I am using bwasw to align reads from a MiSeq run to a very short reference sequence. For some reason, bwa is soft-clipping (assigning S in the cigar string) the leading and trailing bases of many or most of my reads. (All of my reads seem to get the first base soft-clipped, after that there is a distribution of soft clipping that drops off toward the center of the read).
This is occurring despite the fact that the bases which are getting soft clipped (at least the ones I checked by scanning the sam) are EXACT MATCHES to the reference.
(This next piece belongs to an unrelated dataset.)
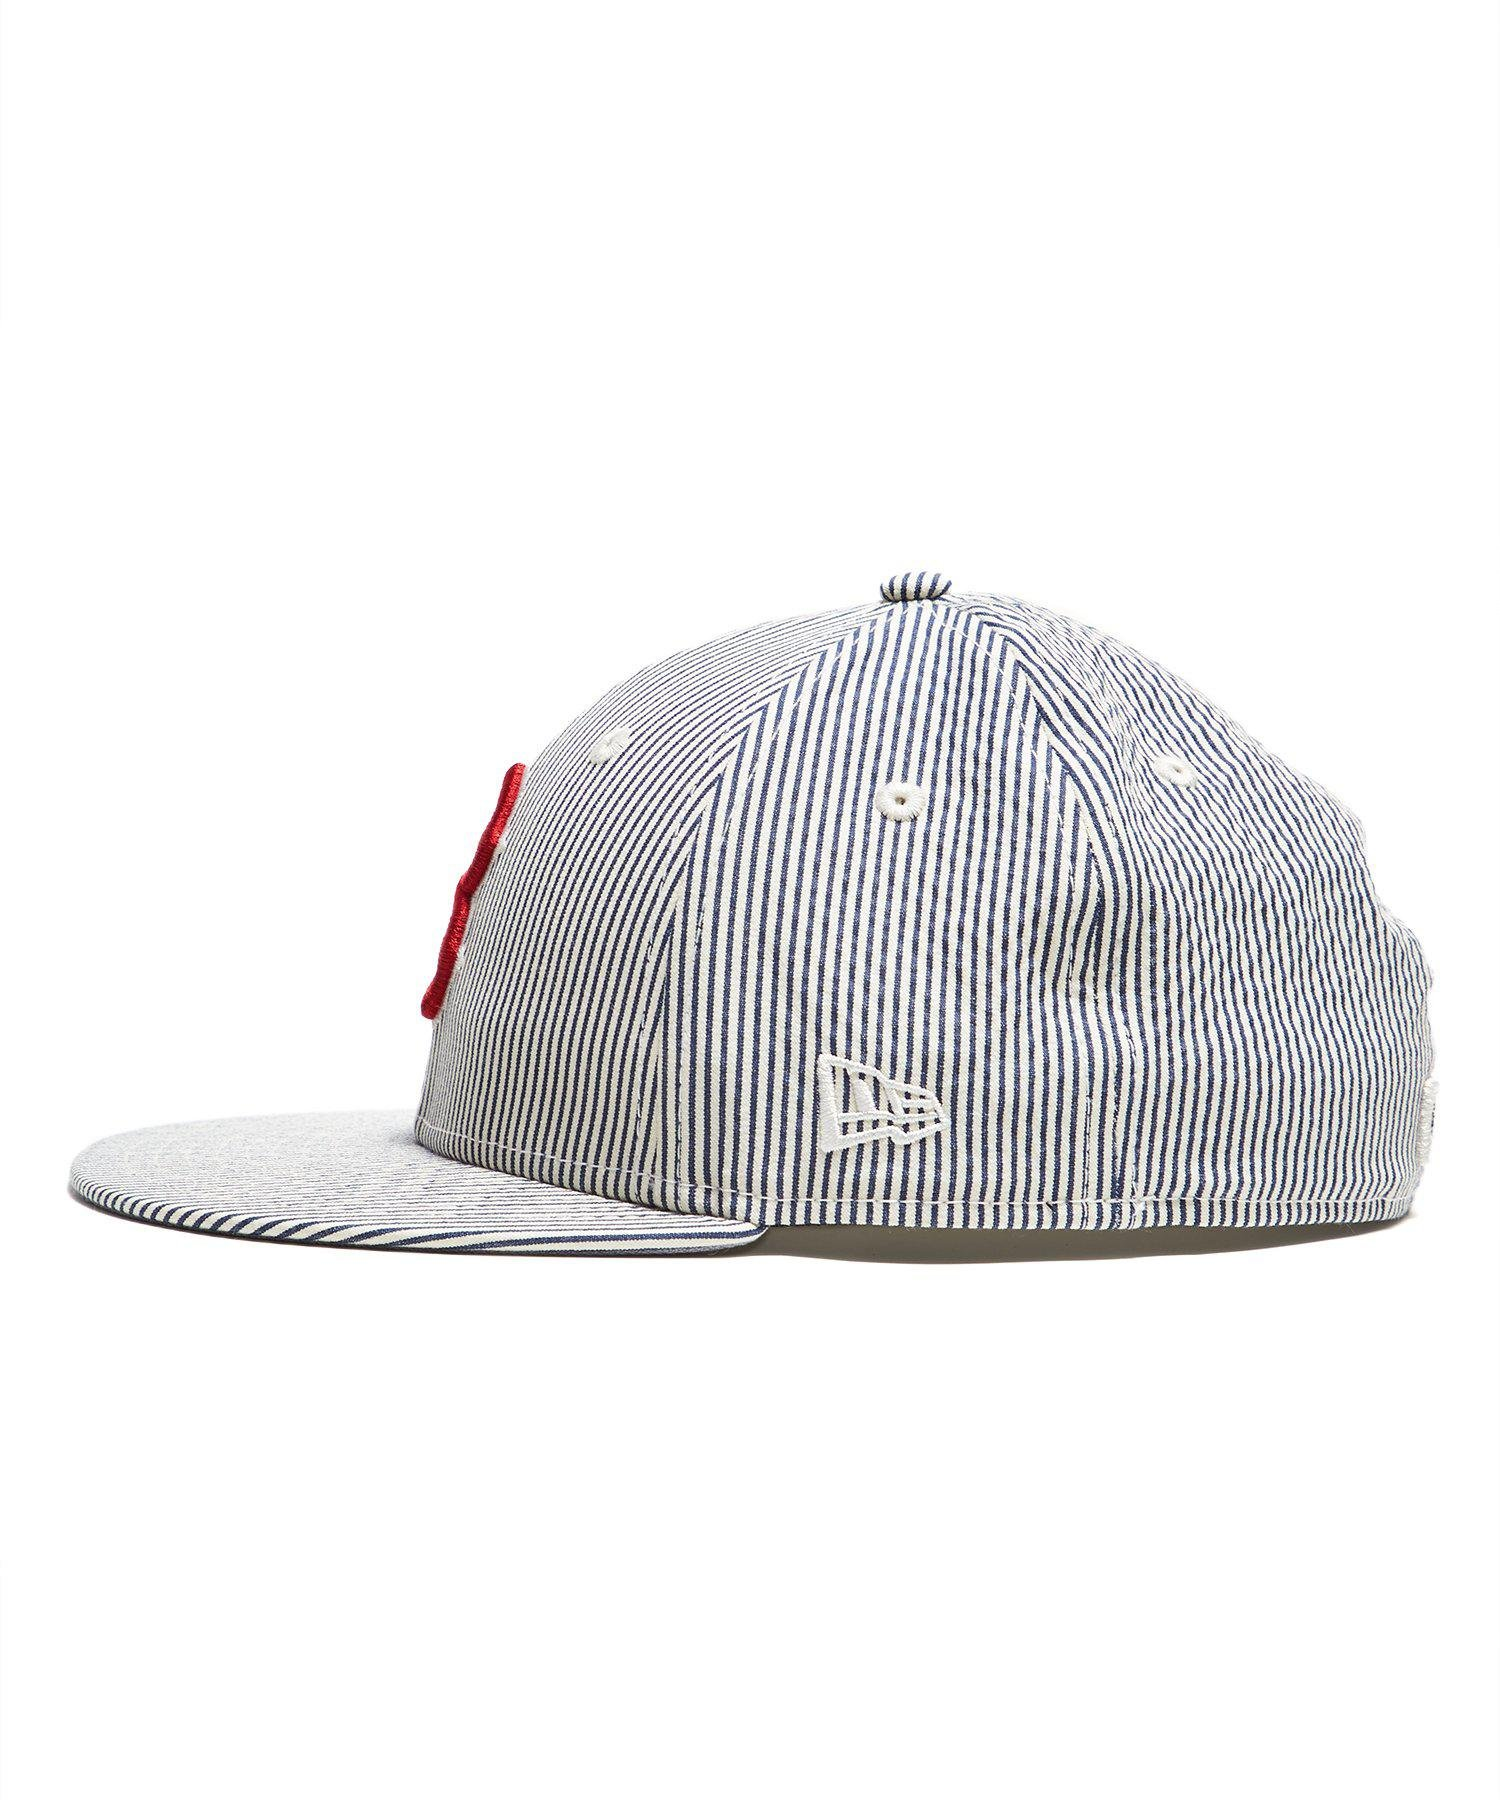 af9594d488b New Era Hats Boston Red Sox Cap In Seersucker in Blue for Men - Lyst

They are not consistently surrounded by mismatches (they occur even in reads with an edit distance of 0), nor are they low-quality (prior to assembly, I ran a very stringent quality filter, so every base in every one of my reads is phred 36 or higher).
Possibly pertinent: all of my reads are the same length as my reference +/- 2 nts. (This is a ribozyme population deep sequencing project).
bwa bwasw -M -NM myreference.fasta myfiltered.fastq > myoutput.sam
Alternatively, is there a way to tell samtools to ignore soft-clipping? Or a tool to convert the cigar strings to M/I/D only? The soft-clipped bases are artificially reducing the coverage in my mpileup, and I am worried how they will affect other downstream modules I want to use.
Thanks for any insight!
cross posted at SeqAnswers